- **Task brief**: This exercise requires an exact output of the listing, images omitted.

- **Data block**:
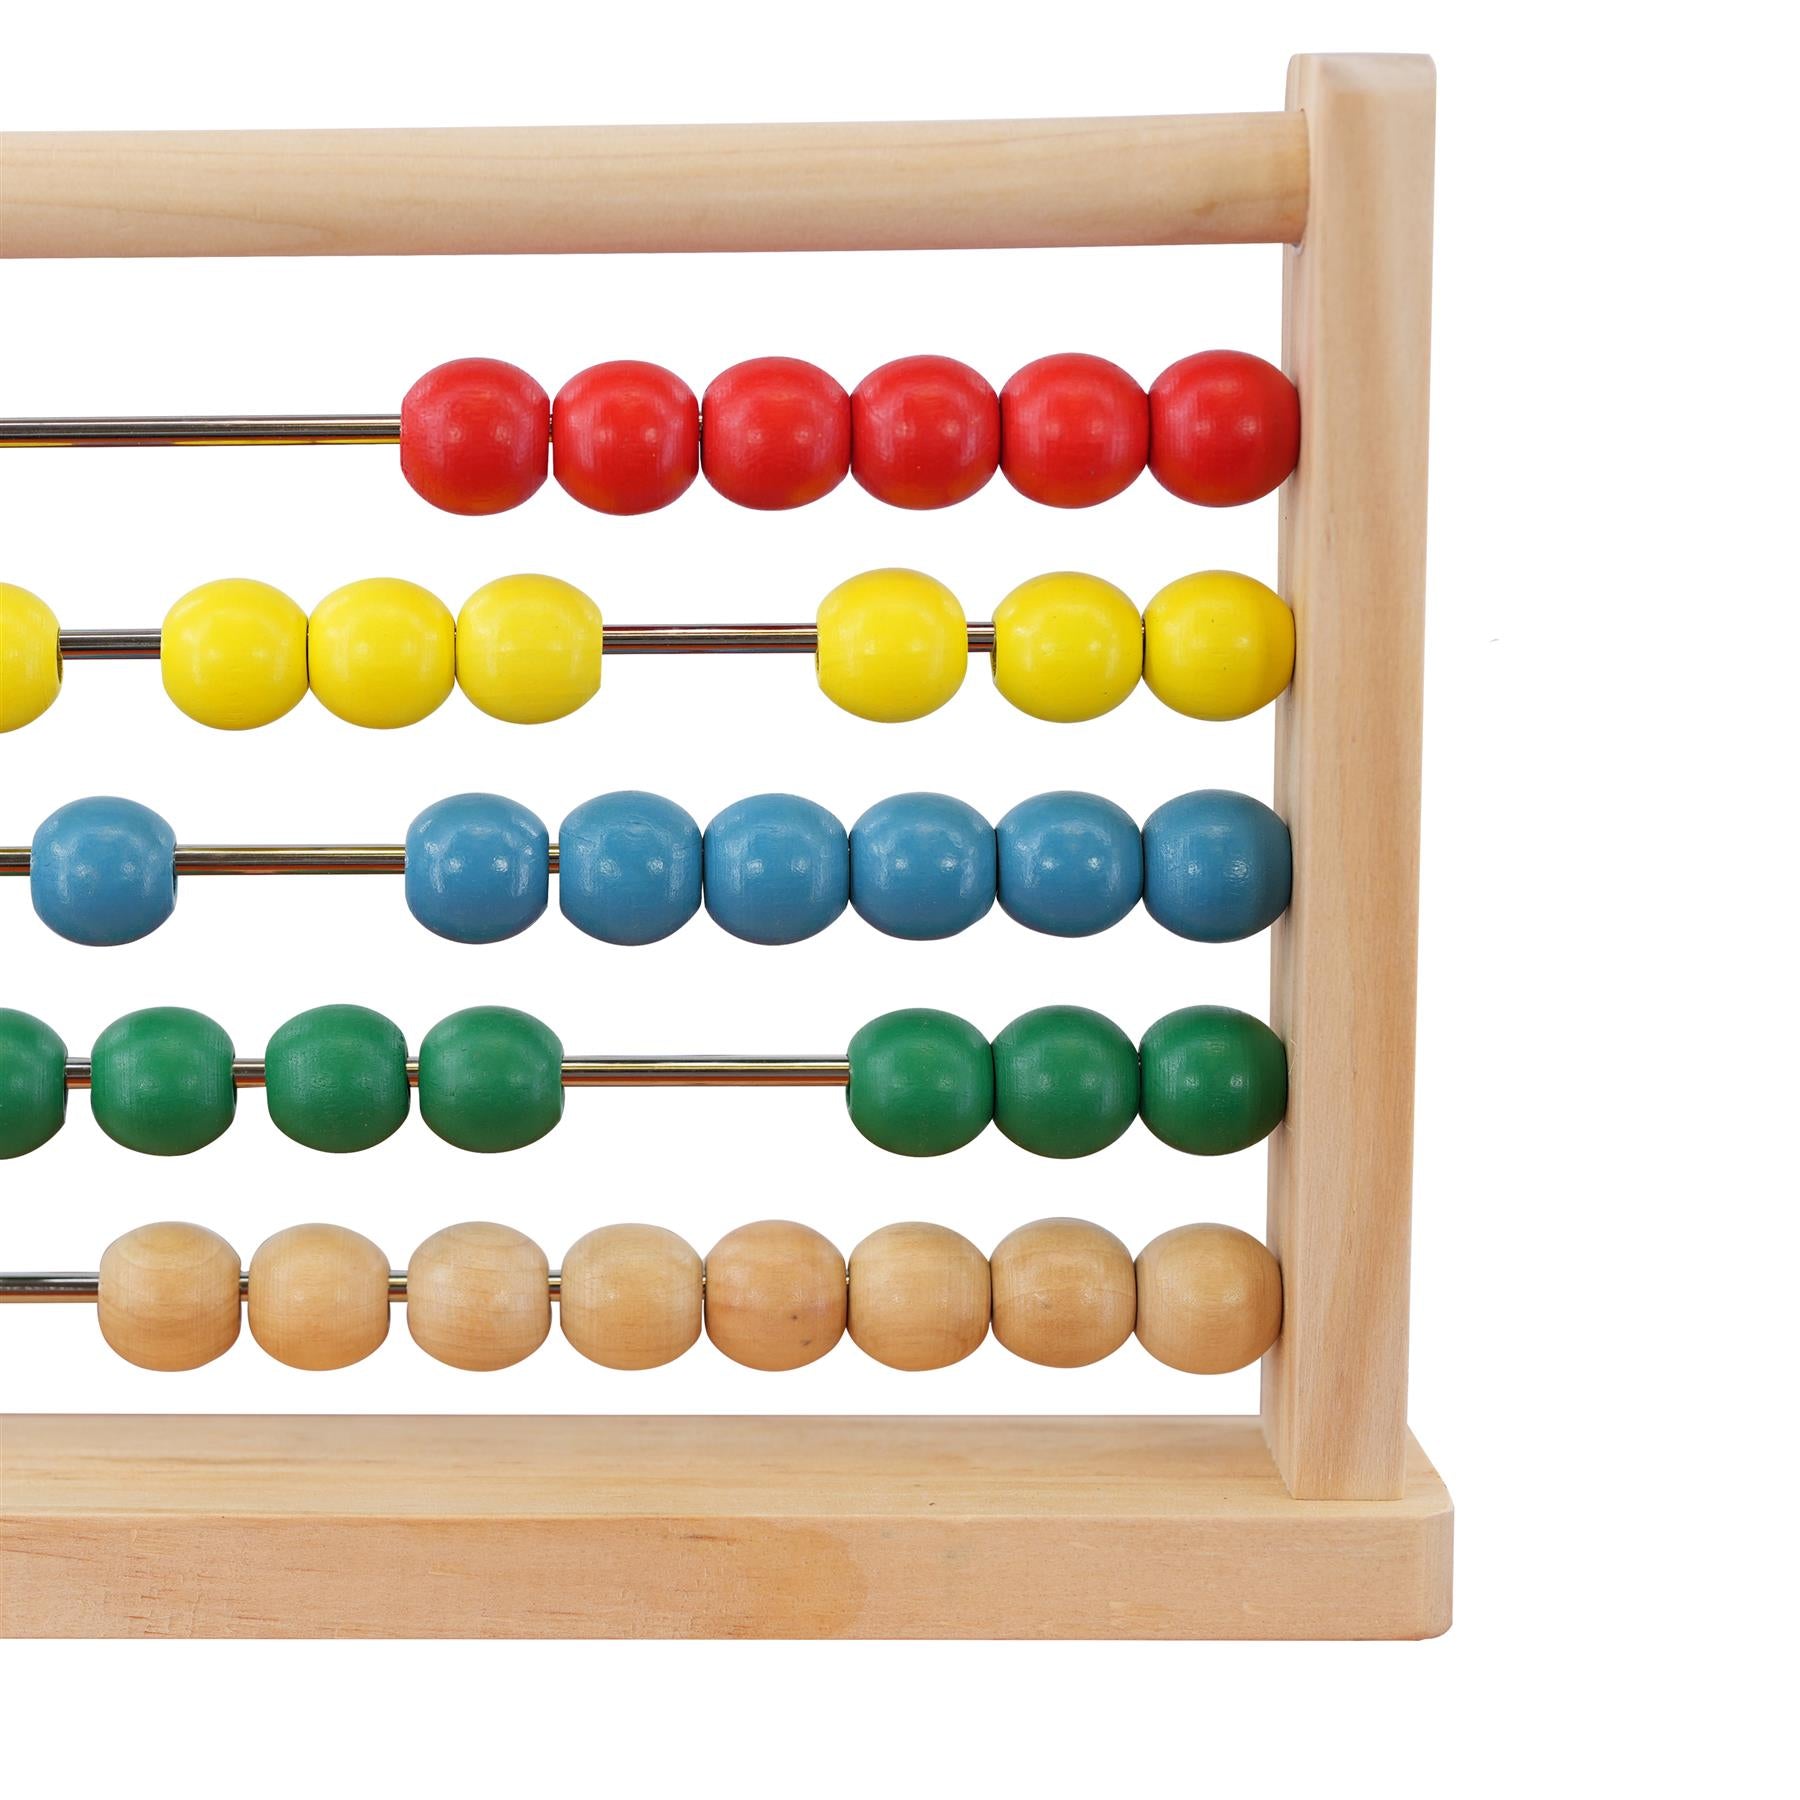 Large Sturdy Wooden Abacus by The Magic Toy Shop - The Magic Toy Shop
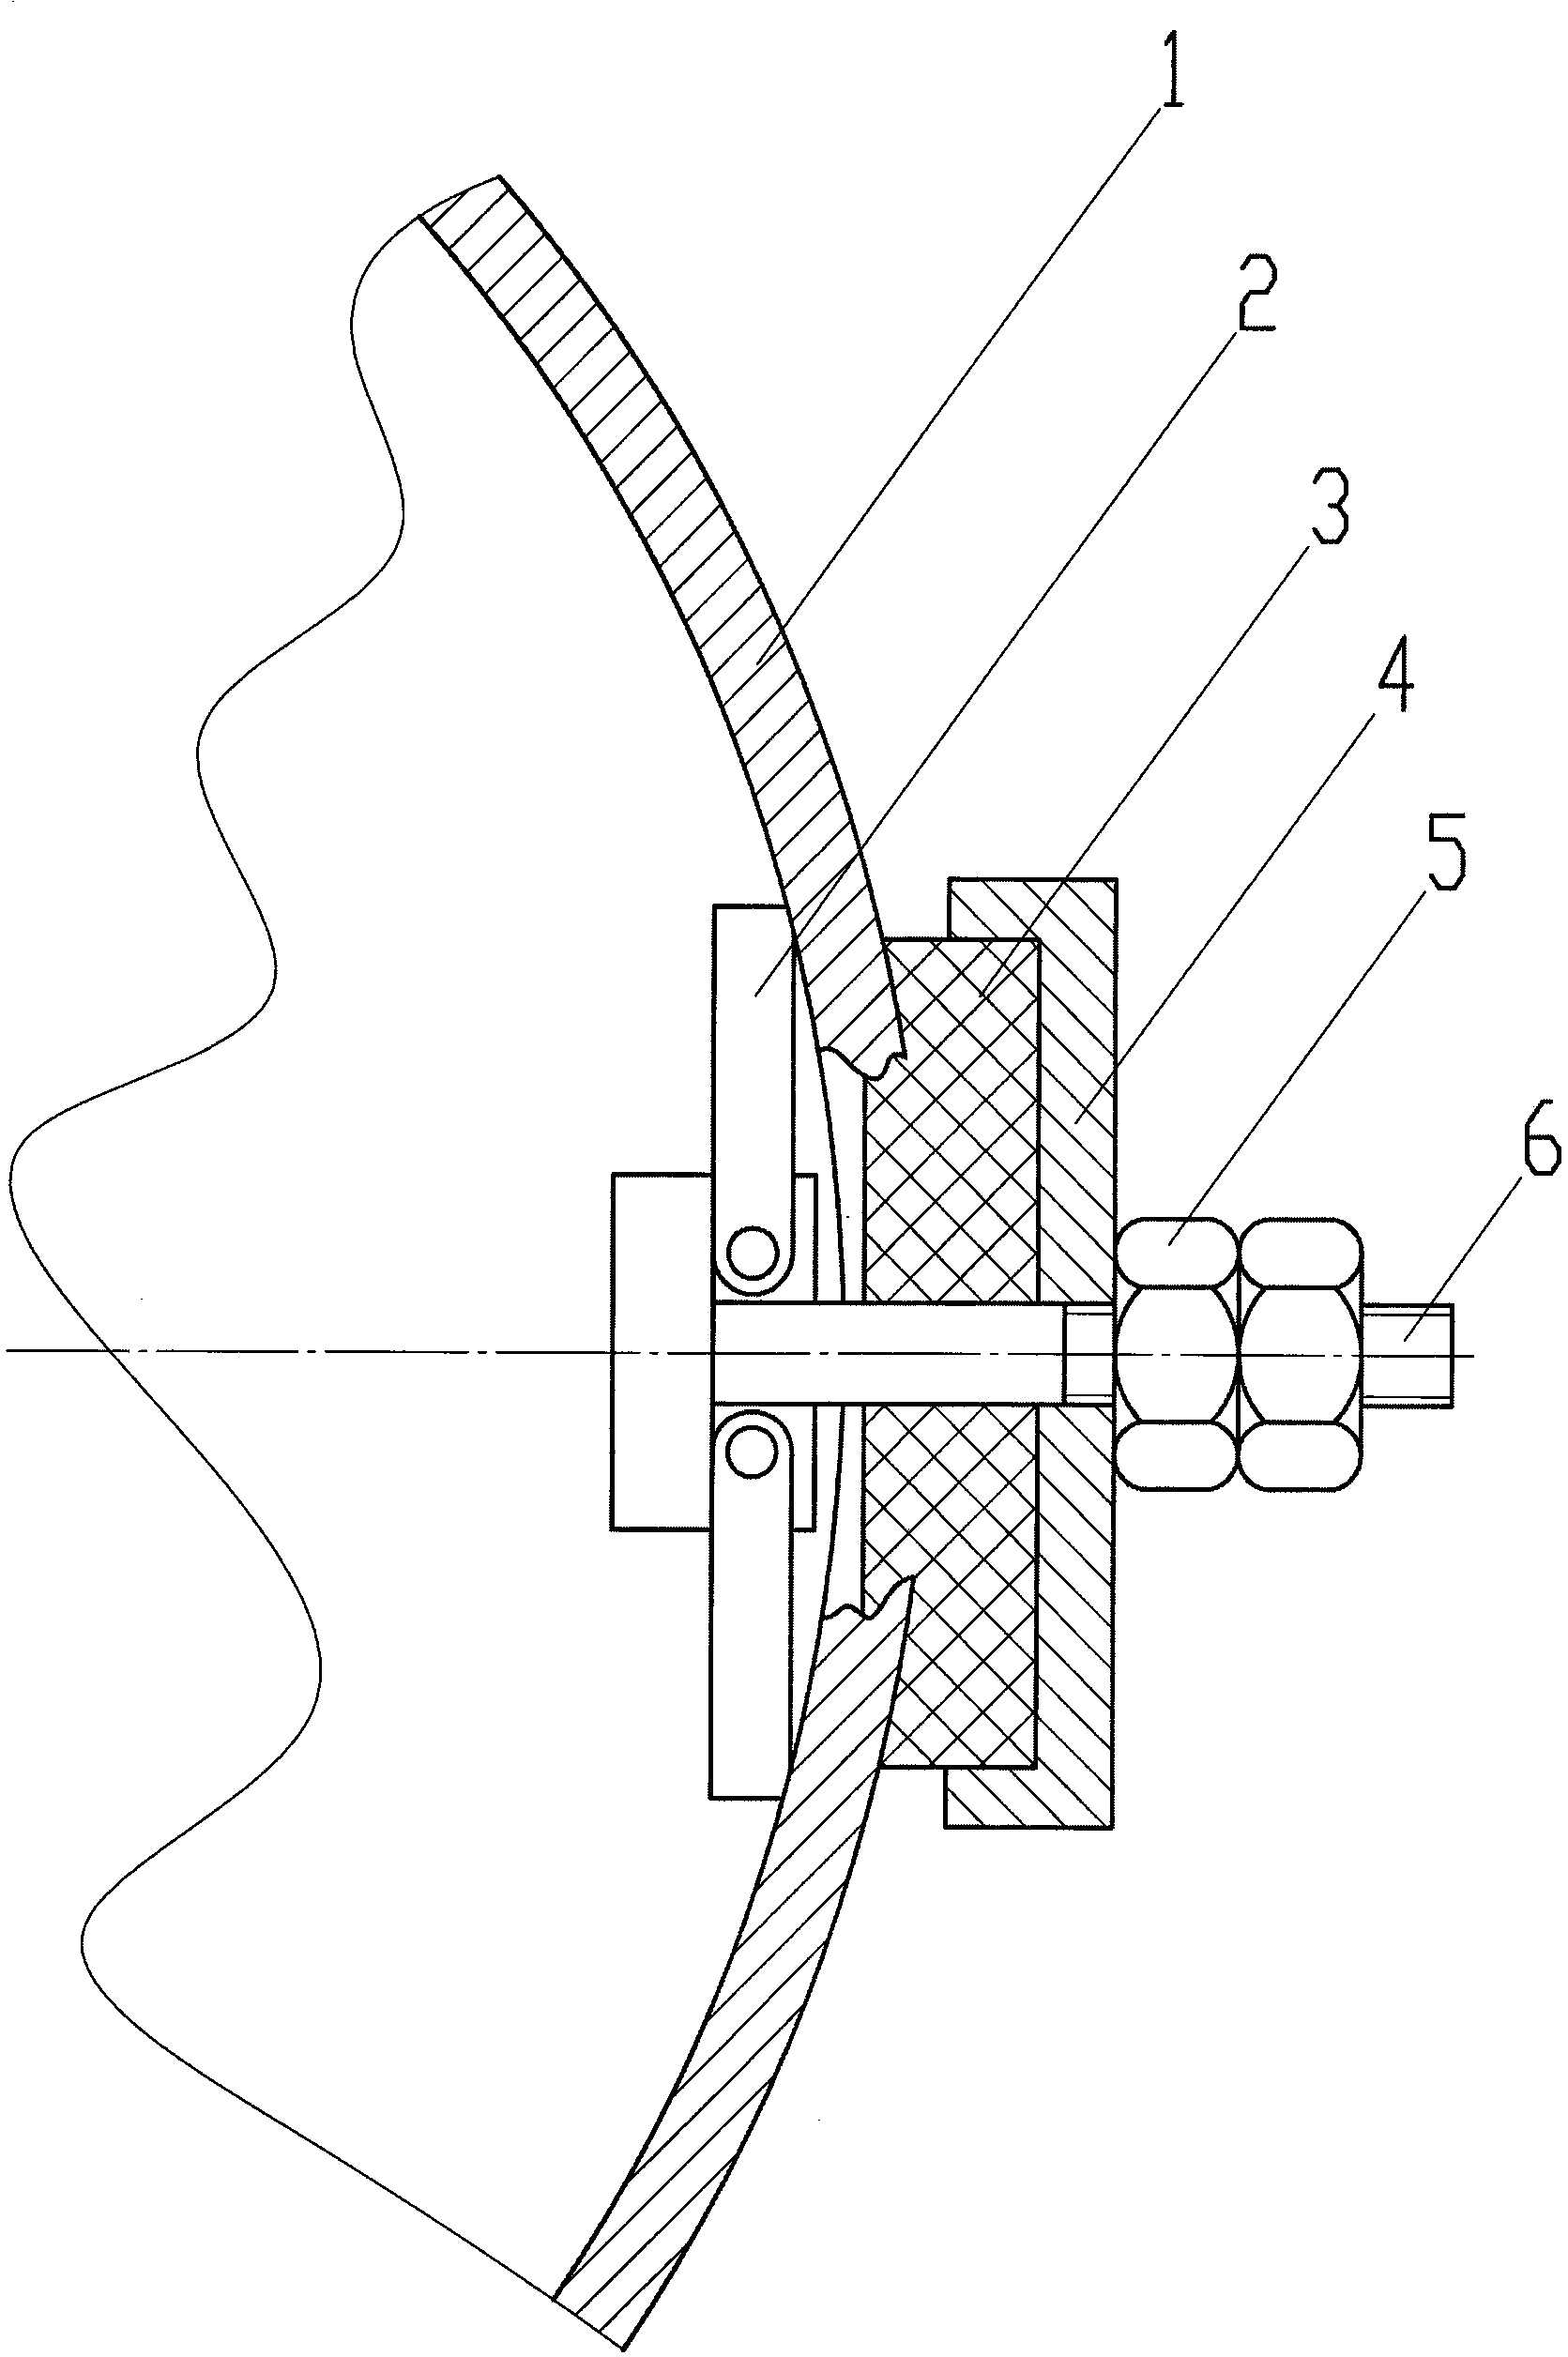 Wall-mounted leaking stoppage device
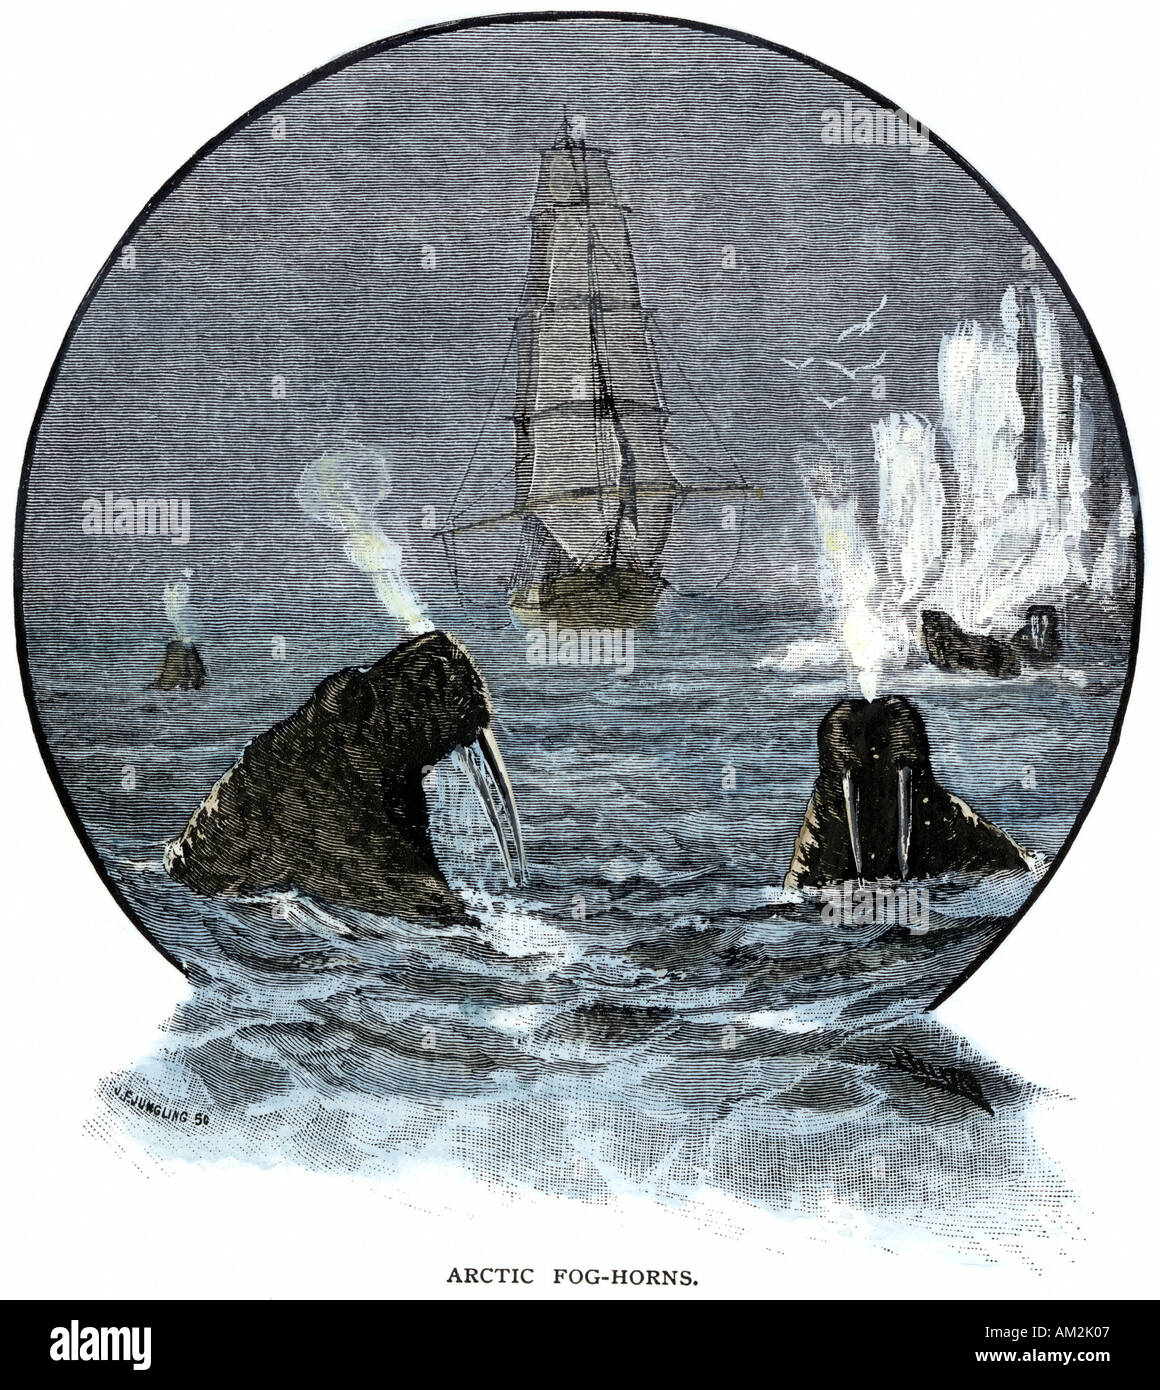 Walrus in Arctic waters near a tall sailing ship. Hand-colored woodcut Stock Photo

- **Exercise solution**:
 Large Sturdy Wooden Abacus by The Magic Toy Shop - The Magic Toy Shop
 Wall-mounted leaking stoppage device
 Walrus in Arctic waters near a tall sailing ship. Hand-colored woodcut Stock Photo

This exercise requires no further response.